Reddit System Design

I A KHAN
4 min readJun 9, 2022

--

This blog is all about high-level system design for Reddit App.

Let’s start from the very beginning :-

Step 1: Gathering Requirement. (Ask as much as you can to yourself Or your interviewer if you are in the same 😉)

  • Total User base — 50 million (Let’s consider)
  • Each user is a vising app 5 times
  • HomePage with 25 posts to be loaded at a time.
  • Let’s consider we have content as “Text” & “Image ”.

(For video approach will be similar to image one)

  • The latest should be shown each time the user launch App

(The latest means posts which have been posted in the last 24 hours).

This is it………… We are done with our requirement gathering(Step 1) 🙂

Step 2: Understanding the technicality of the above requirements gathered. (try to come up with assumptions as per your experience or confirm/ask with the interviewer)

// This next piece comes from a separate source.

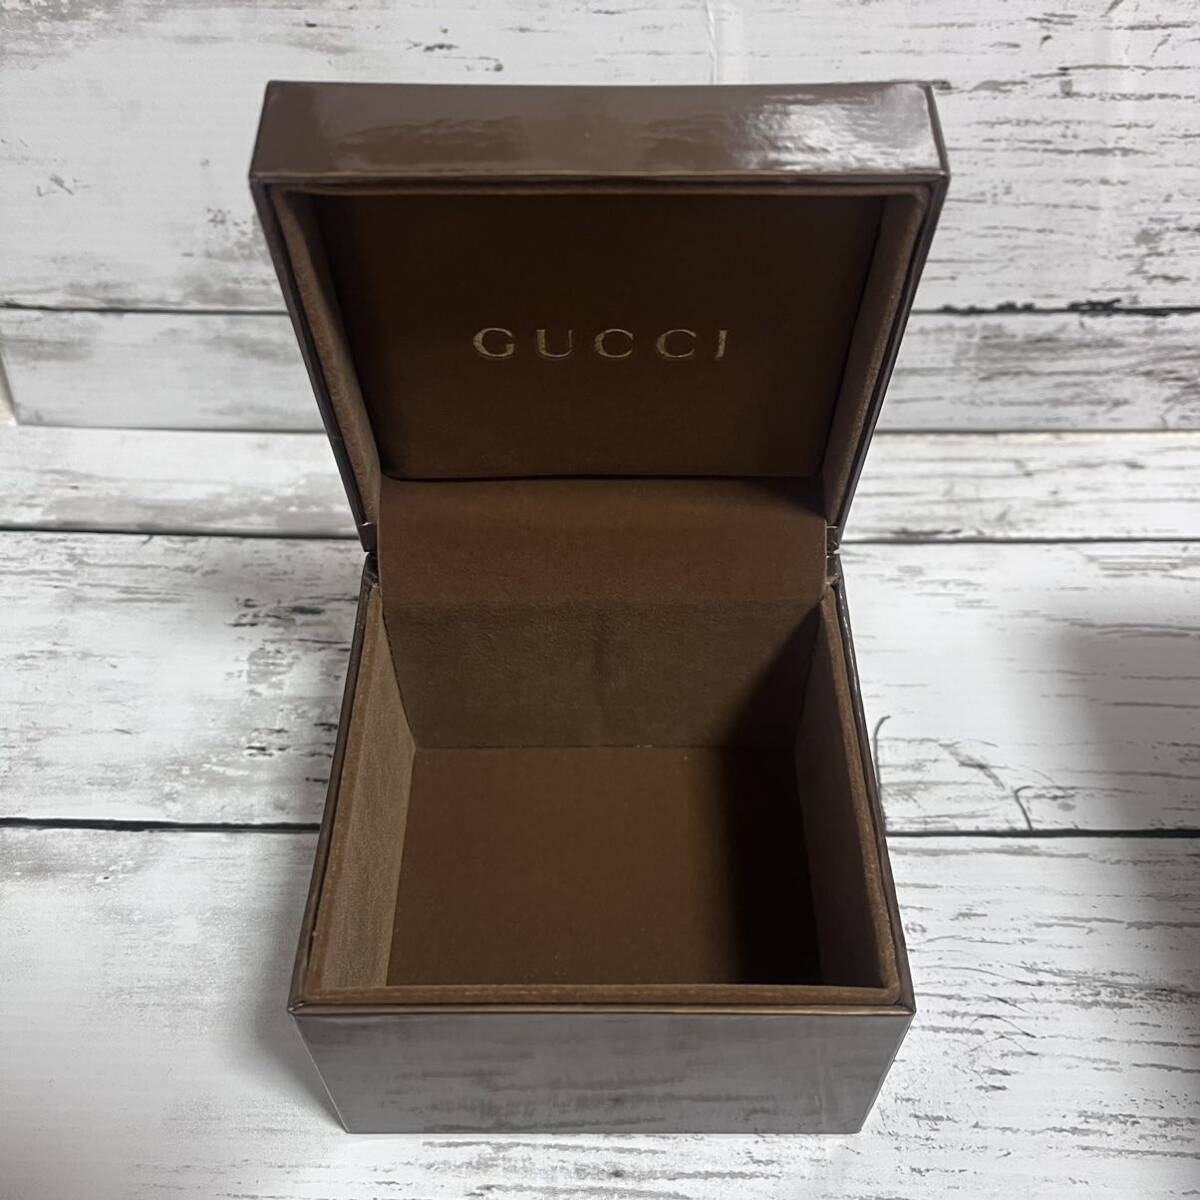  Gucci наручные часы пустой коробка GUCCI box бренд BOX несессер место хранения интерьер

  • 50 million (user base) * 5 visits/user = 250 million hits on homepage.
  • 250 million page hits * 25 posts = 6.25 billion posts.
  • Let's suppose the “title” is of max 50 chars & space needed for it will be 2bytes/char = 100 bytes.
  • “comments” count in integer take space = 4 bytes
  • timestamp of the post in float = 8 bytes.
  • Content body supposes if of 300 chars so space will be 600 bytes (300 chars*2 bytes/chars “Simple math”).
  • The size of the image let's consider on average will be 100KB
  • hyperlink to detail post is of 100 characters, so space will be 100*2 =200 bytes.
  • Let's suppose 50% of posts have images & rest have texts only (covering both cases)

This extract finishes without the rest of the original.